BMI may be a flawed metric to assess cardiovascular risk
Guidelines recommend measuring body mass index (BMI) to identify people who are at risk for cardiovascular disease, type 2 diabetes and all-cause mortality. Healthcare professionals almost always follow the suggestions and evaluate BMI.
Ian J. Neeland, MD, and James A. de Lemos, MD, of the University of Texas Southwestern Medical Center in Dallas, however, believe that BMI is a flawed metric and may not be the best way to assess risk. Neeland and de Lemos expressed their views in a Sept. 26 editorial in the Journal of the American College of Cardiology.
They cited a study published in that same issue that found measuring abdominal subcutaneous adipose tissue (SAT) and visceral adipose tissue (VAT) may be effective in identifying cardiovascular disease risk factors. Increases in SAT and VAT volume were associated with worsening cardiovascular disease risk factors, which persisted after the researchers adjusted for BMI, waist circumference and baseline adipose tissue volume.
During a mean follow-up period of 6.1 years, the patients had a 22 percent increase in SAT and 45 percent increase in VAT.
“It is important to note that the vast majority of abdominal adipose tissue is stored in SAT with the VAT depot usually representing one-third or less of total abdominal fat,” Neeland and de Lemos wrote. “The strikingly discordant relative increase in VAT compared with SAT in the present study should clue us in to a major premise—that the inability to expand the SAT depot in the face of caloric surplus, resulting in the greater relative expansion of VAT, may be the underlying physiological derangement predisposing to worsening [cardiovascular disease] risk factors.”
Neeland and de Lemos identified a few potential flaws with BMI, including that some people who are overweight or mildly obese may not have increased mortality compared with people who have a normal weight. Approximately one-third of obese adults has one or fewer cardiometabolic risk factor and do not have cardiometabolic disease, according to the researchers. They also noted that BMI is not part of the Framingham or Pooled Cohort Equation cardiovascular disease risk scores.
Meanwhile, they wrote that healthcare professionals could identify SAT and VAT with computed tomography or magnetic resonance imaging. They cited studies that found researchers could modify SAT and VAT to select the appropriate intervention and monitor response to therapy.
The study did not model SAT and VAT changes jointly, so Neeland and de Lemos could not determine if the associations with SAT were independent of VAT or if they would be significantly attenuated when they took the VAT’s confounding impact into consideration.
“It will be crucial for future outcomes studies to assess the relationships of specific fat compartments jointly to better evaluate the individual depot contributions to risk,” they wrote.

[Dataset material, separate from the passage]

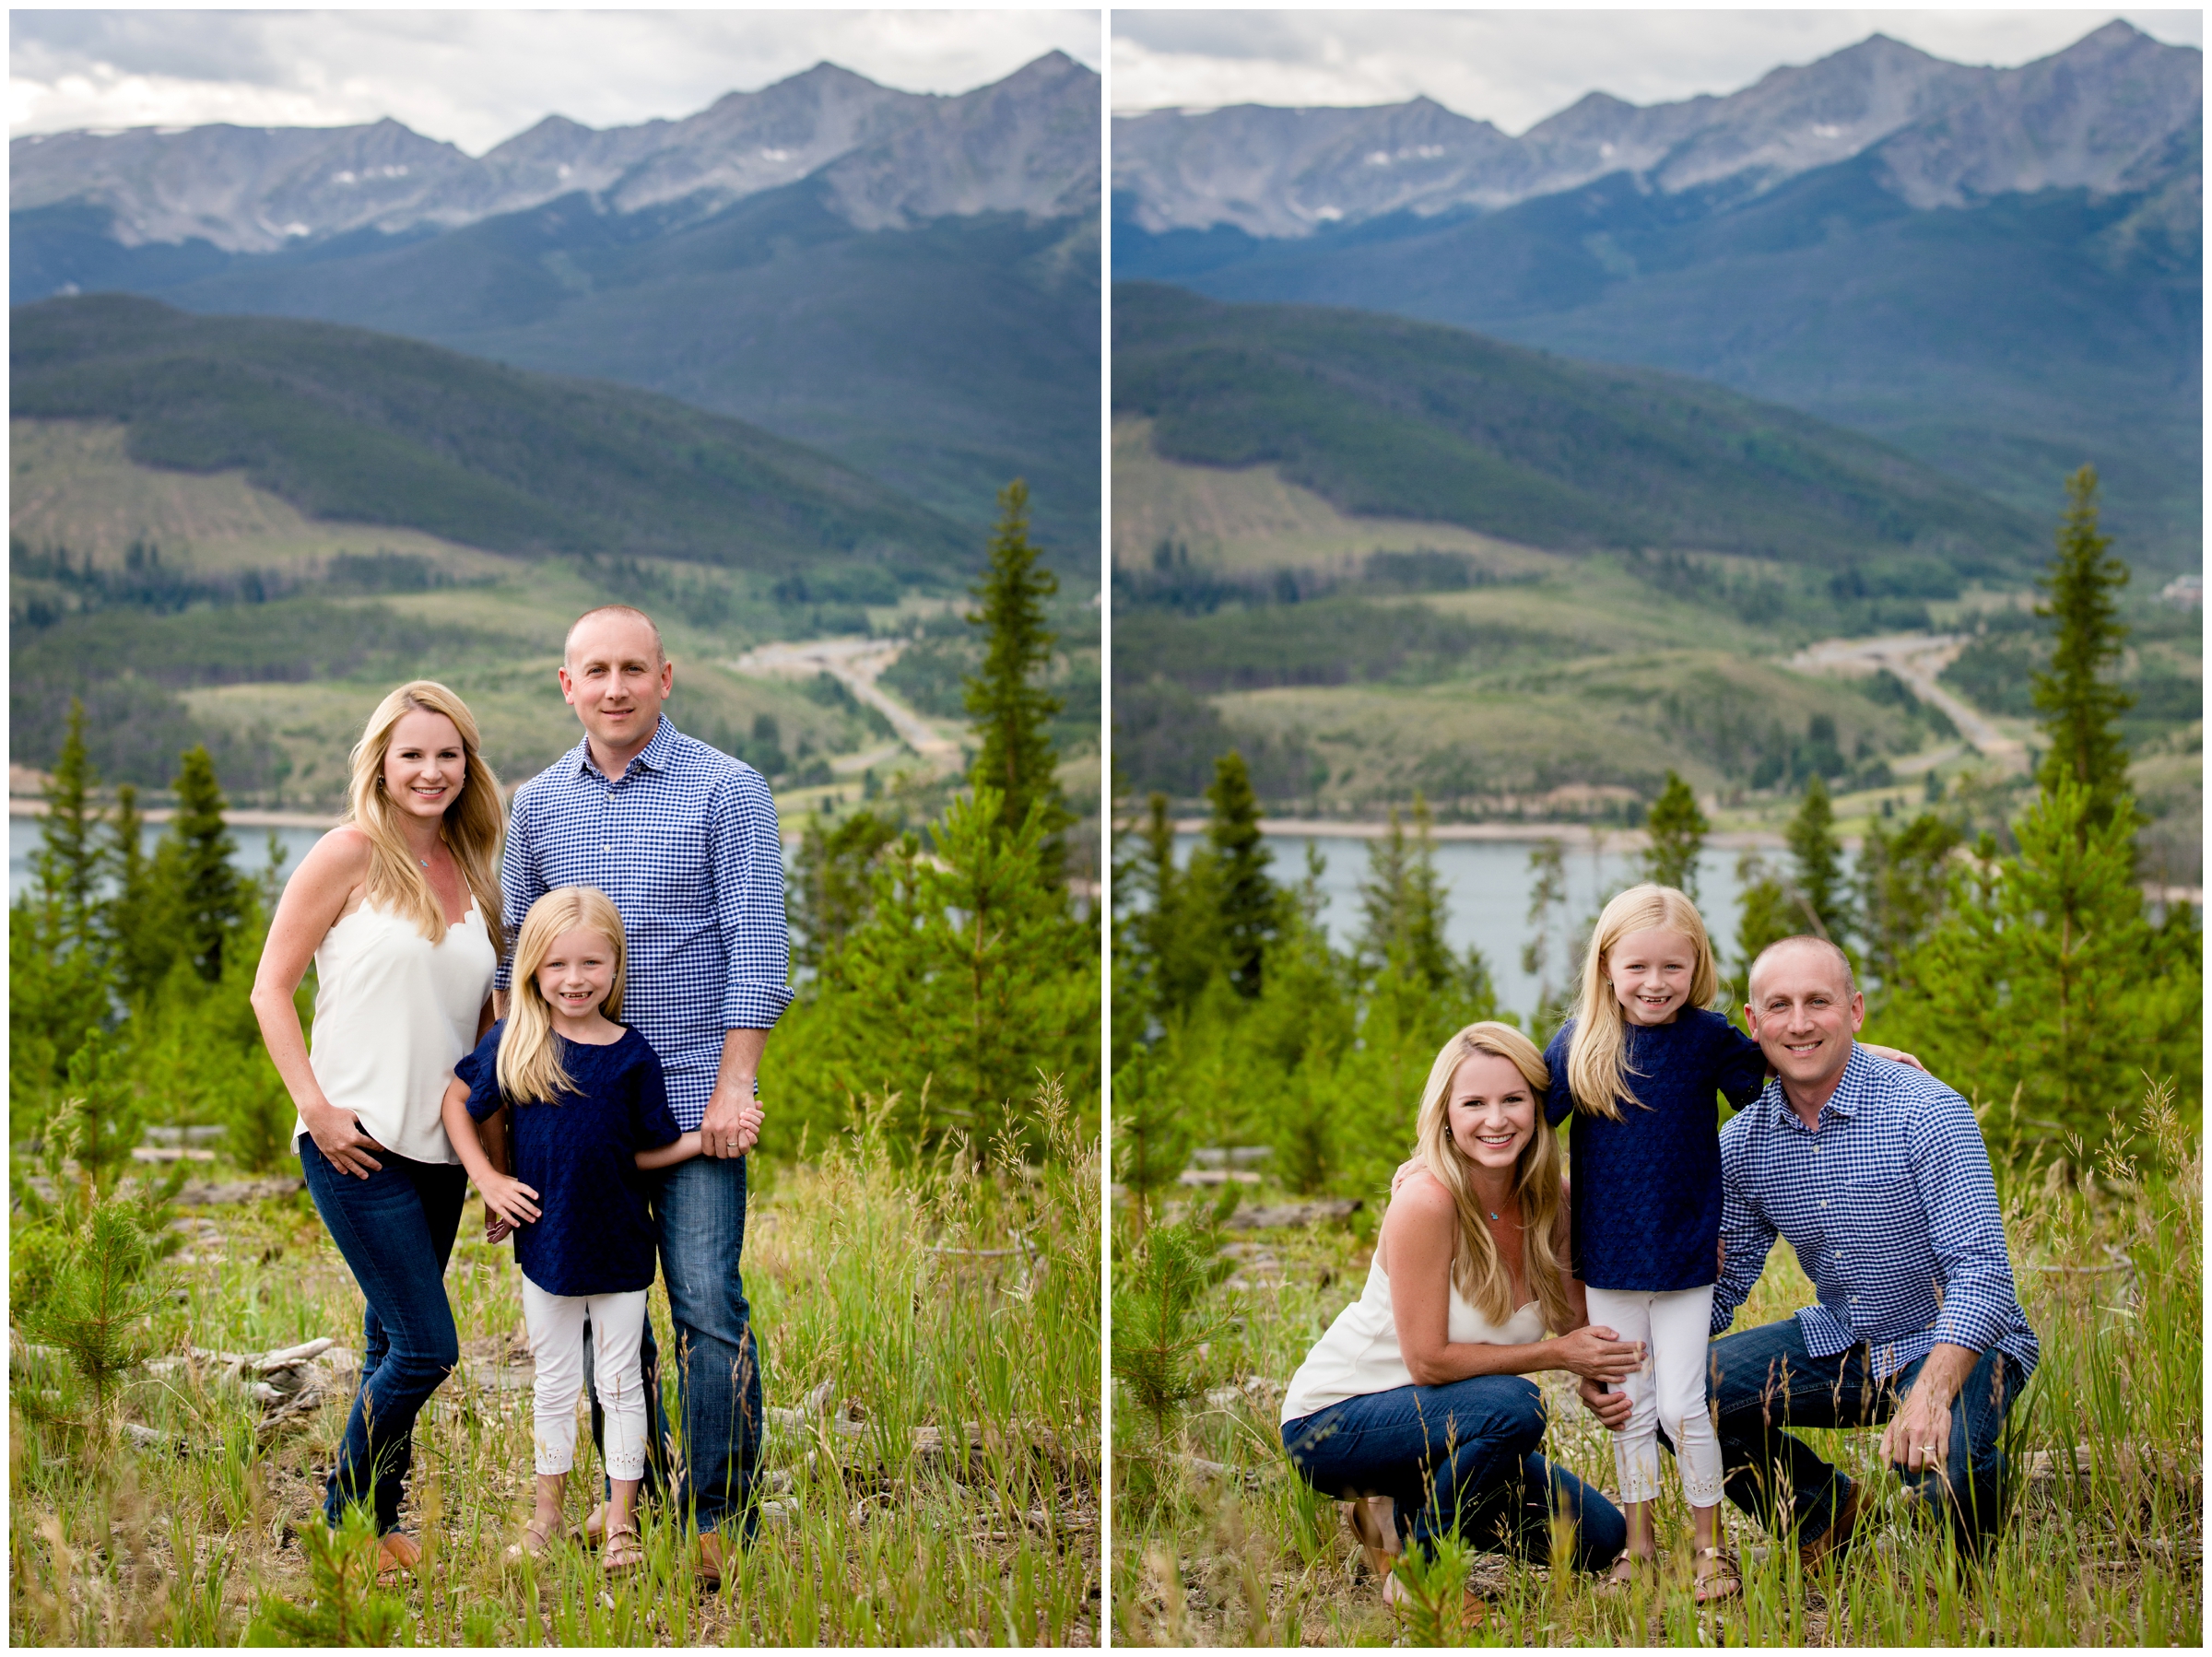 Breckenridge family portraits during summer with mountains in background

Although studies have shown adipose tissue imaging provides information about cardiometabolic risk that BMI cannot measure, Neeland and de Lemos acknowledged that the invasive nature of tissue biopsy or cell culture assay may be an issue.
“The ultimate question is whether it is possible to translate evaluation of 'form' (the anatomical measurement of adipose depots) to assessment of 'function,' to unravel the pathophysiology of adipose tissue expansion, and circumvent the inherent limitations of BMI and isolated imaging-based fat quantification,” they wrote.